Anastasia January 26, 2011 at 9:42 am

I am reading the book now! I am only about 20 pages in, and already horrified.

Heather January 26, 2011 at 4:22 pm

I would add the culture of parents pressuring other parents to be consumers to this mix.

I have seen it this way: birthday party “themes” of your favorite cartoon character. Everyone “has” to have a theme. The theme includes the pinata filled with an obscene amount of candy and “party favors” which in my house go straight into the trash. These partiess are the norm now. Anything less is tantamount to depriving your child in certain circles.

I have also been around several people who have taken their 3 year olds to Disneyland numerous times. Their kids seem to enjoy that but I want to do that later with my son. Someone has actually offered to take him for me! As if my son couldn’t wait another few years. That’s really silly to me.
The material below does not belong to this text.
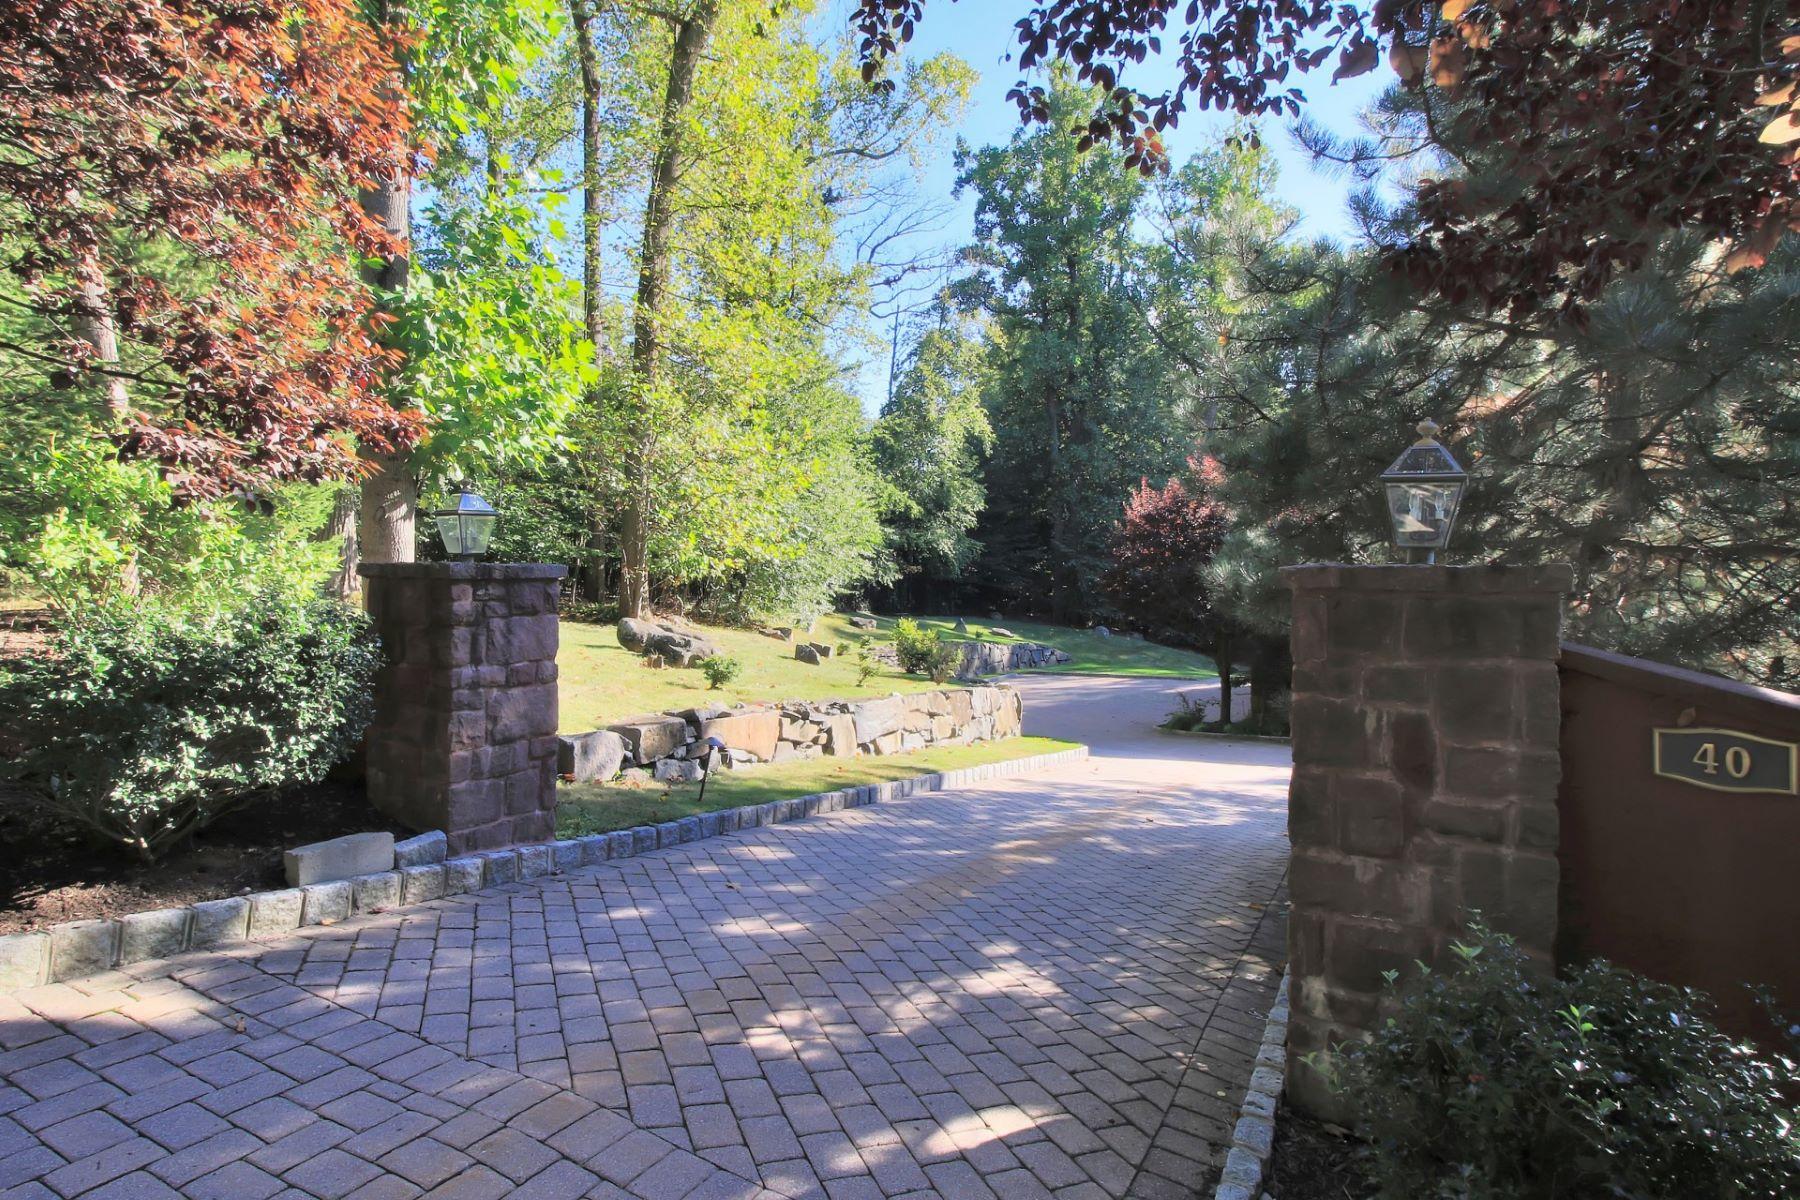 独户住宅 为 销售 在 Impressive Brick & Stone Colonial 40 Litchfield Way 阿尔派恩, 07620 美国

I guess I’m a bare necessities kind of mom. We enjoy the fun and we participate, too but I see the cultural pressures of consumerism between parents all the time.

Red Pill Mama February 1, 2011 at 1:18 pm

Wait until you get to the chapter about advertising in the schools (you’ve probably read it already) – it will make you even more glad you’re not dealing with the U.S. school system!

Kathy Slattengren February 1, 2011 at 5:32 pm

Thanks for this information. It’s scary how effectively corporations target children … and how much money is at stake. I just finished watching the documentary Consuming Kids: The Commercialization of Childhood. They did a wonderful job pulling together the data on how marketers target children and what impact it has on kids.